Gambaran Utuh Para Gerilyawan

SESUNGGUHNYA, bagaimanakah bayangan kita mengenai para gerilyawan pejuang kemerdekaan?

Untuk masyarakat masa kini, gambaran mengenai para gerilyawan Indonesia tak bisa lain kebanyakan datang dari visualisasi yang sering nampak dalam layar perak atau layar kaca. Para pemuda berambut gondrong, berpakaian aneka macam dan selalu memenangkan setiap pertempuran.

Tentu, itu memang tidak keliru. Meski mungkin acap kali terlampau dilebih-lebihkan. Tetapi yang pasti, gambaran macam itu nampaknya agak kurang lengkap. Tidak utuh untuk bisa menggambarkan kenyataan sesungguhnya yang dialami. Sejak bangsa Indonesia memproklamirkan kemerdekaannya pada tanggal 17 Agustus tahun 1945, mengalami dua kali perang kemerdekaan sampai akhirnya kedaulatan diserahkan pada akhir tahun 1950.

"Tentu, tidak semuanya pejuang tulen. Ada saja yang suka macem-macem," kata Mayjen (purn) Slamet Danusudirdjo, anggota DPA. Dan Letjen (purn) Purbo Sugiarto Suwondo mantan Danjen Akabri melukiskan, "Tapi apa bedanya. Ada saja yang dulu pejuang tulen tapi kemudian menyeleweng. Juga yang bekas KNIL, tapi setelah diintegrasikan ke TNI, terbukti sangat berjasa dan bahkan bisa menjadi perwira tinggi." Setelah kedaulatan diserahkan, TNI tetap menjadi inti Angkatan Perang Republik Indonesia Serikat (APRIS), yang nantinya bertumbuh menjadi APRI dan ABRI sekarang ini.

Sabtu siang, dalam ruang Serba Guna, lantai empat Museum ABRI Satria Mandala, Jakarta, secara terbuka penilaian mengenai para gerilyawan Indonesia diperbincangkan. Siang itu, Masyarakat Sejarawan Indonesia (MSI) bekerja sama dengan majalah Teknologi dan Strategi Militer (TSM), menyelenggerakan diskusi "Gerilya untuk Merdeka".

Tidak ada lagi hal tabu dibicarakan. Segera langsung terasa, para gerilyawan Indonesia yang terbukti sudah mampu mengusir penjajah Belanda dari bumi Indonesia, dihadirkan secara manusiawi. Mereka bukan Rambo yang selalu memenangkan segala pertempuran, juga bukan suci seperti malaikat yang tak pernah terpeleset dalam dosa.

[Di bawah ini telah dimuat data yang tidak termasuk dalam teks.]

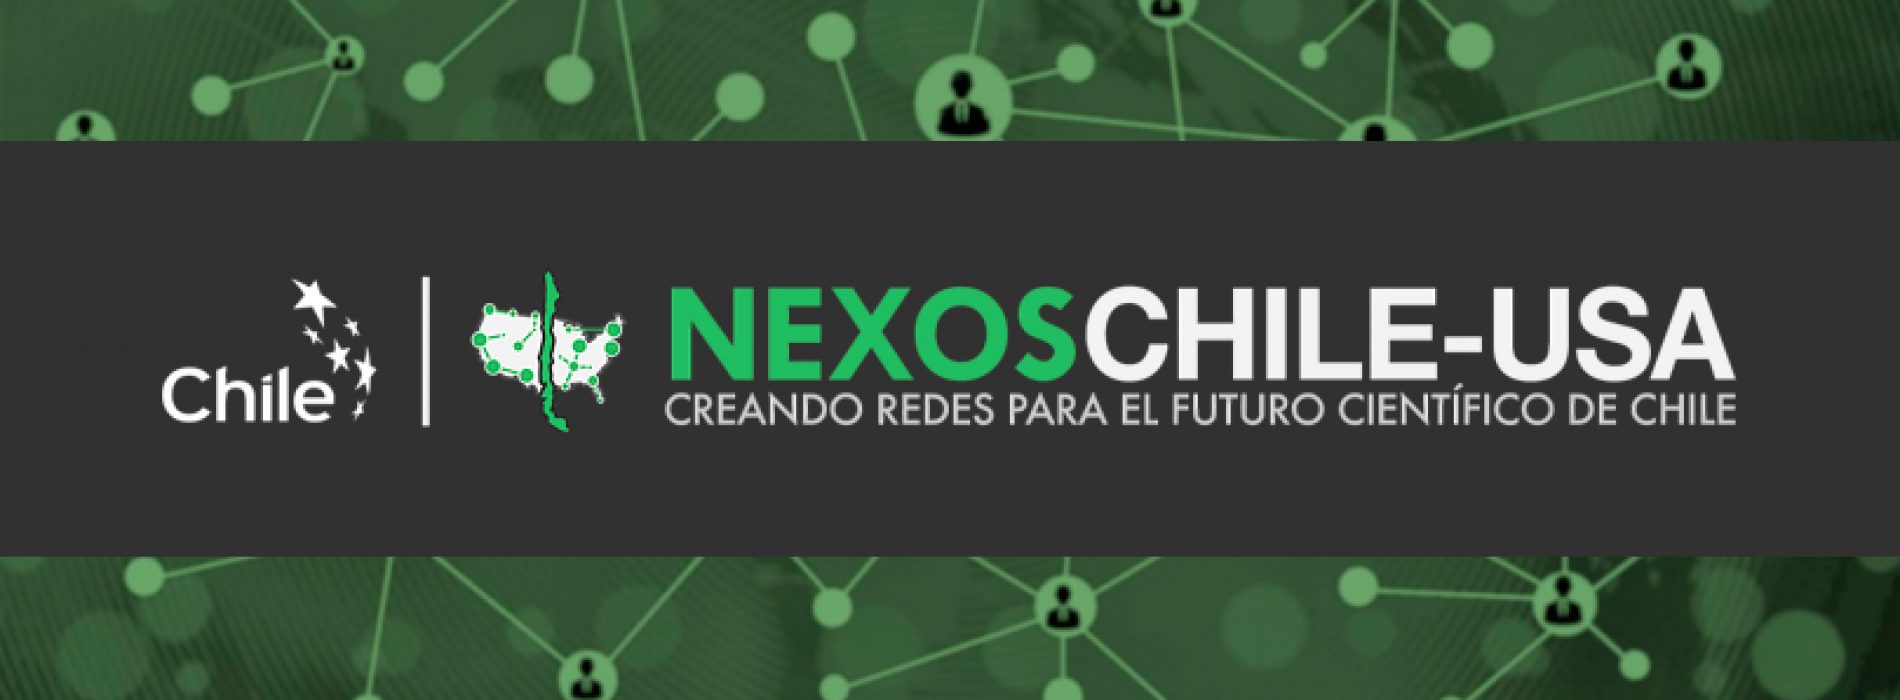 Newsletter Nexos Chile-USA: Enero 2019

Mereka, para gerilyawan, ditampilkan dalam bentuk manusia-manusia biasa, yang tak luput dari godaan, sering dihantui rasa takut, ada yang lemah, ada yang terjatuh dan malahan ada juga yang menyeleweng.

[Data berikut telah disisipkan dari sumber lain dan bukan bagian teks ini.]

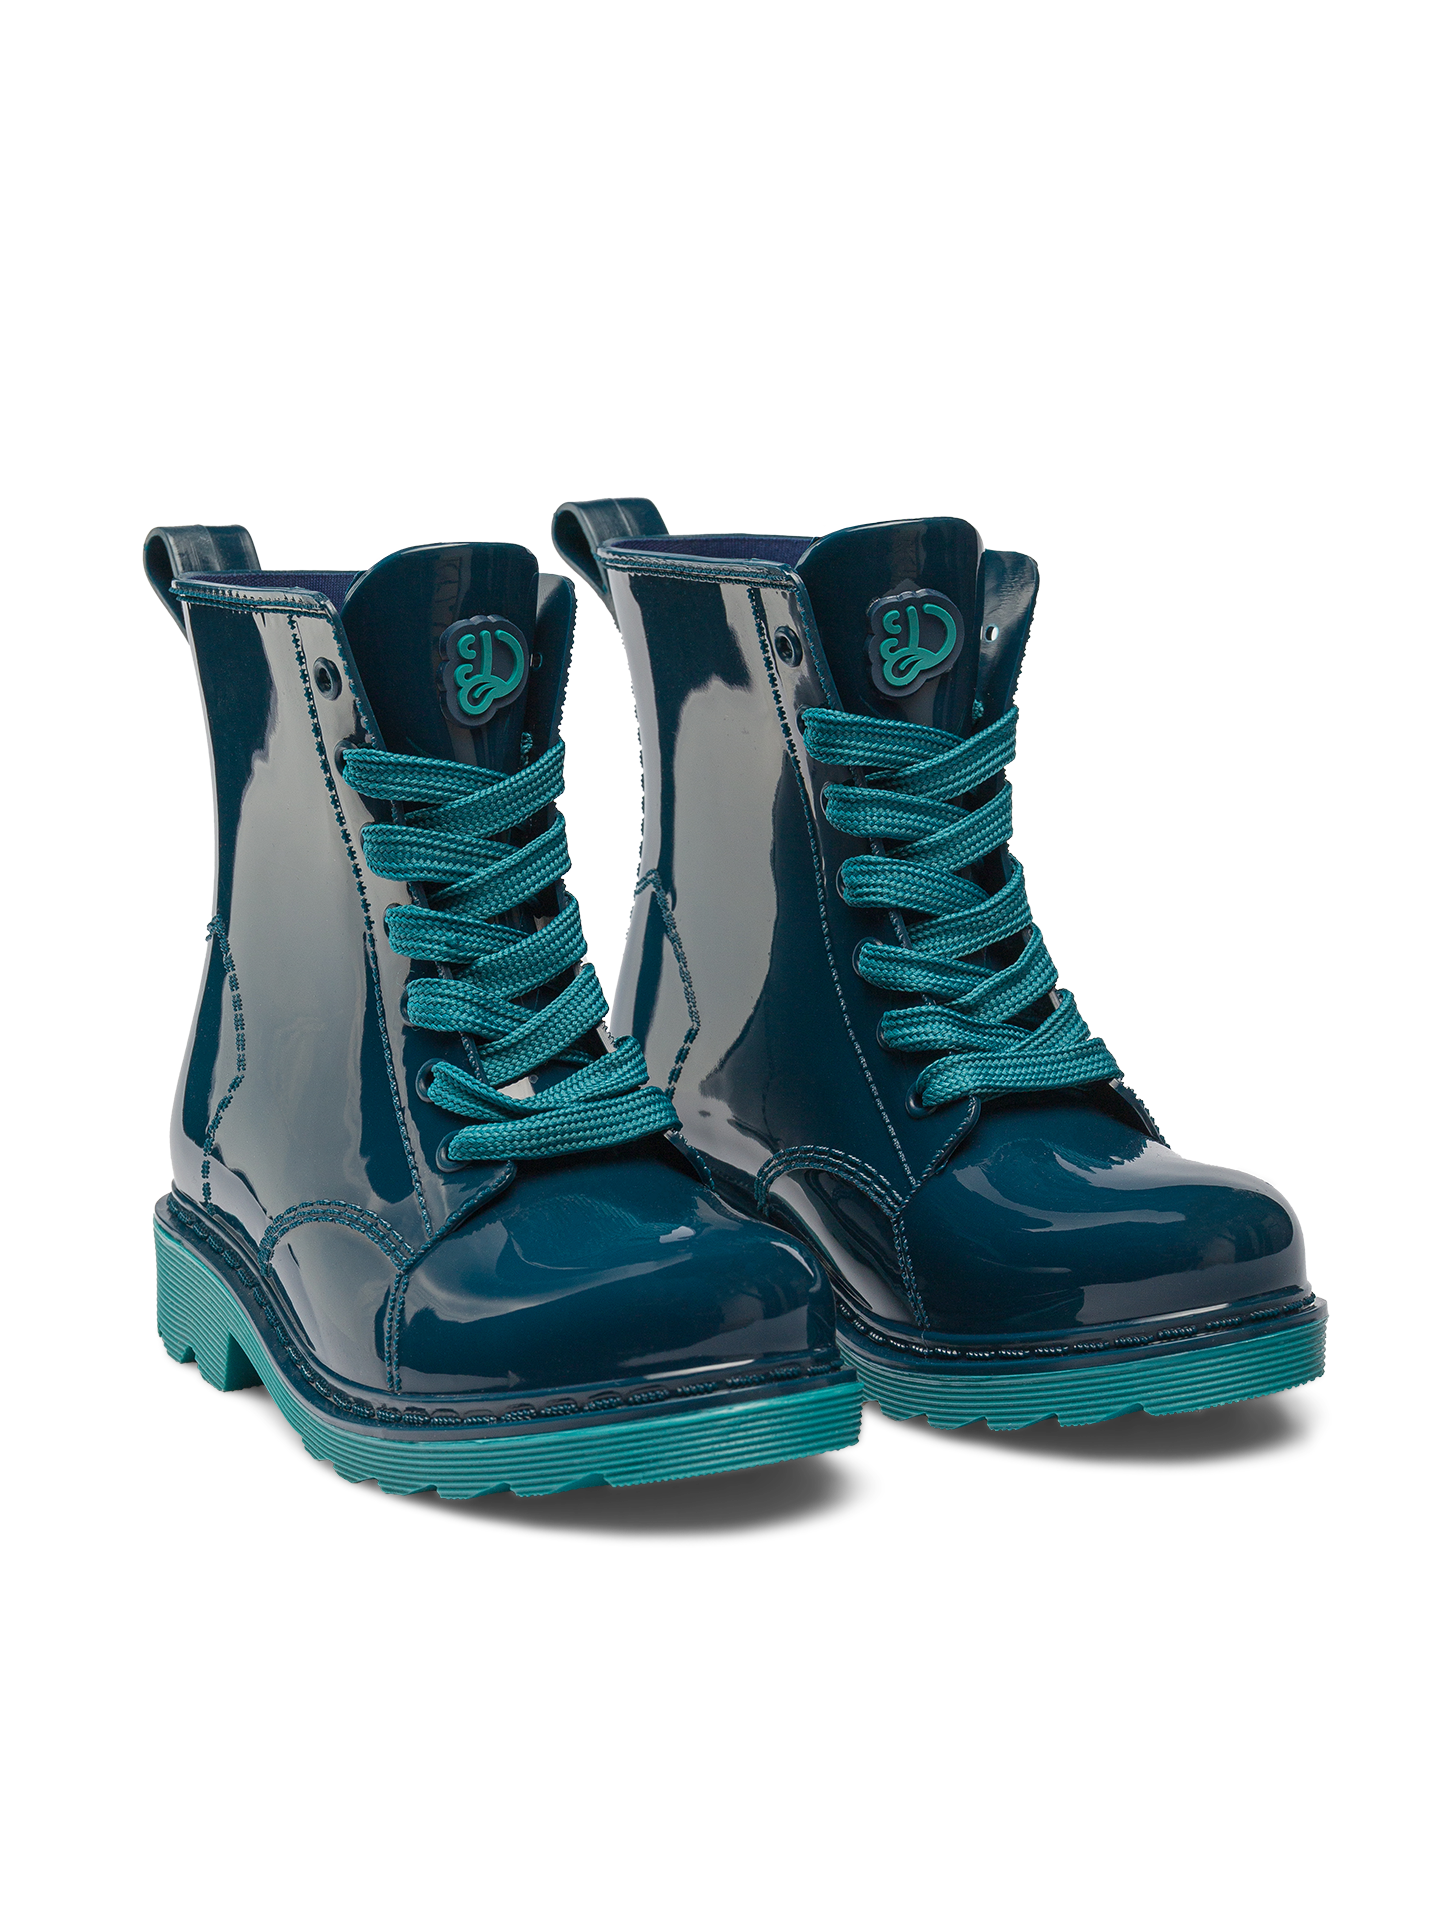 Emerald Blue Kids' Rain Boots

Munculnya pertanyaan-pertanyaan memancing dari peserta ikut menyegarkan suasana. "Kami ini waktu Perang Kemerdekaan belum ikut, masih terlalu kecil. Yang kami inginkan, bagaimana gambaran suasana masa itu?" Atau, "... lha kok selama ini yang selalu diungkapkan hanya kemampuan militer. Apakah dalam perang gerilya, rakyat tak berperan sama sekali?"

***

"MEMANG, sering sulit untuk menggambarkan suasana sebenarnya masa itu," kata Drs Bambang Sumadio, seorang pelaku sejarah dan siang itu jadi moderator diskusi. "Saya sekadar prajurit Tentara Pelajar, bukan tokoh dalam posisi ikut memutuskan."

Ia juga pernah punya pengalaman penting, termasuk salah seorang pengawal Jenderal Soedirman saat Panglima Besar bergerilya naik turun gunung. "Waktu itu, saya kalau ngrokok rokoknya ya merek Escort. Memang, itu rokok Belanda. Saya peroleh dari para bakul yang masuk wilayah pendudukan."

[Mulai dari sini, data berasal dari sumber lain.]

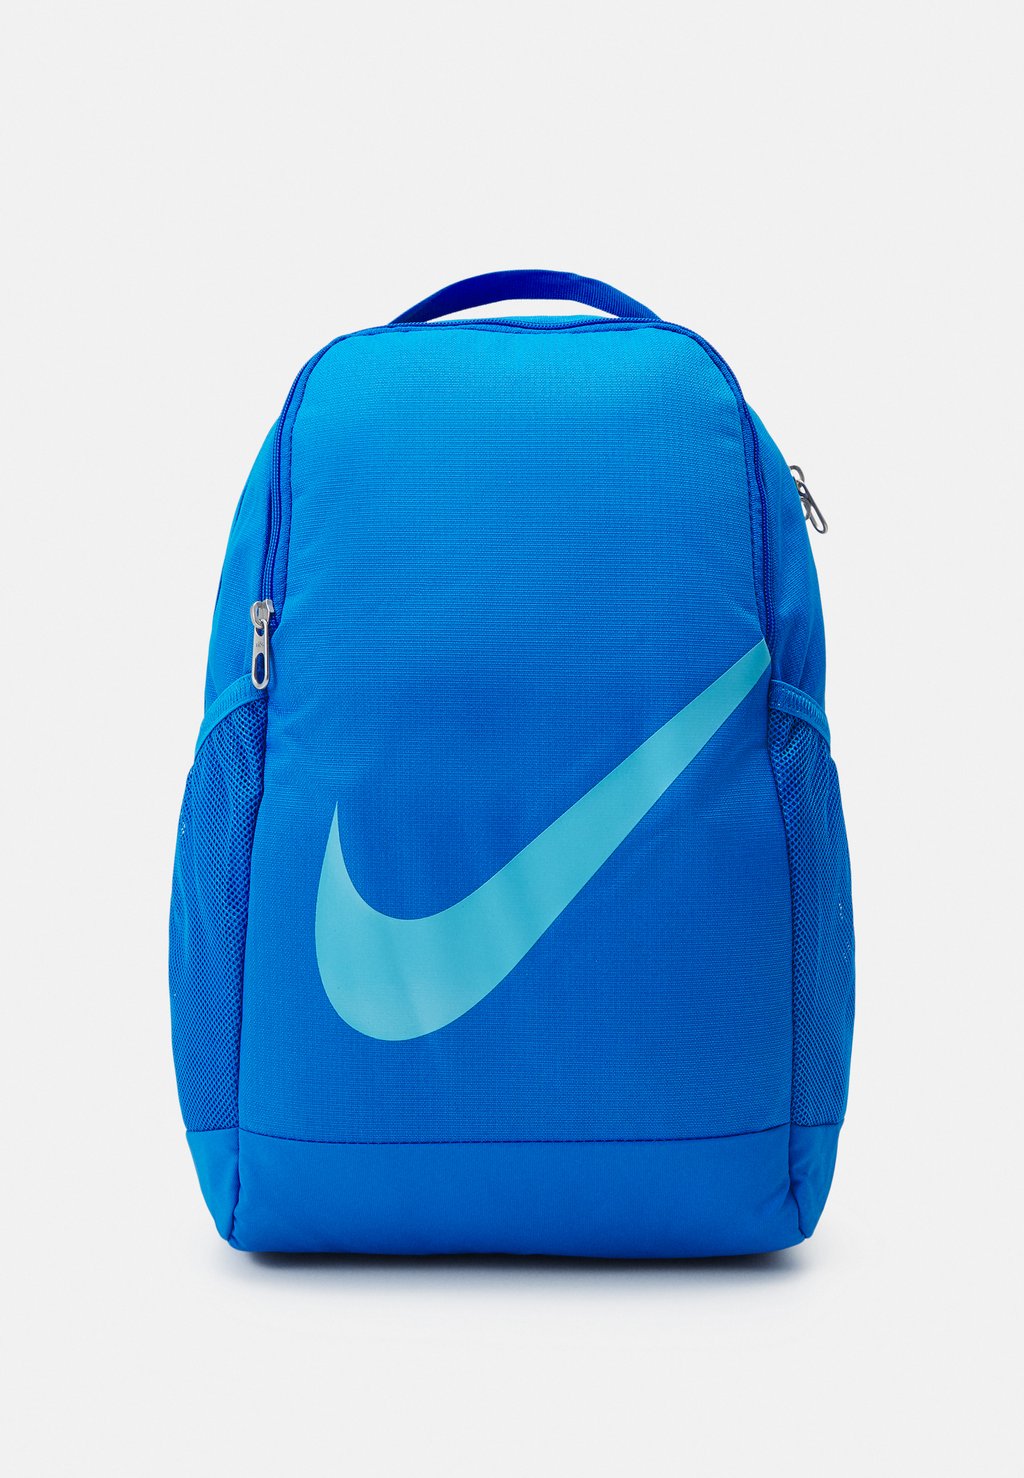 ДЕТСКИЙ РЮКЗАК УНИСЕКС Nike Brasilia Nike blue

Pengalamannya yang paling berkesan justru ketika mendampingi Drs Nugroho Notosusanto almarhum berceramah di muka Seskau. "Ada pertanyaan, apakah di markas Panglima Besar terdapat peta-peta? Tentu, bayangannya karena seorang Panglima Besar, markasnya penuh peta-peta perang dan di sana duduk berjajar para jenderal-jenderal."

Slamet Danusudirdjo yang selalu memakai nama Pandir Kelana dalam novelnya berkisah tentang pengalaman pasukannya menghadapi godaan seorang janda cantik dan genit. Banyak anggota pasukan yang naksir. Namun semuanya juga merasa takut, bagaimana kalau bunting. Pihak petugas kesehatan menyampaikan jalan keluar, tak usah takut, asal diberi dua pil, pasti tidak bakal hamil. Begitulah, pagi harinya, sang janda ini malahan meraung-raung kesakitan. Semua gerilyawan kebingungan, tak tahu apa yang harus dilakukan. Janda tersebut hanya menangis dan mengeluh, kupingnya berdengung sakit sekali. "Ternyata, malam itu ada empat orang anggota pasukan melakukan penyerbuan. Setiap orang memberikan dua pil. Tentu saja, paginya kuping sang lawan berdengung sakit sebab semalam menelan delapan pil ..." kata Pak Slamet, tenggelam dalam tepuk tangan riuh rendah.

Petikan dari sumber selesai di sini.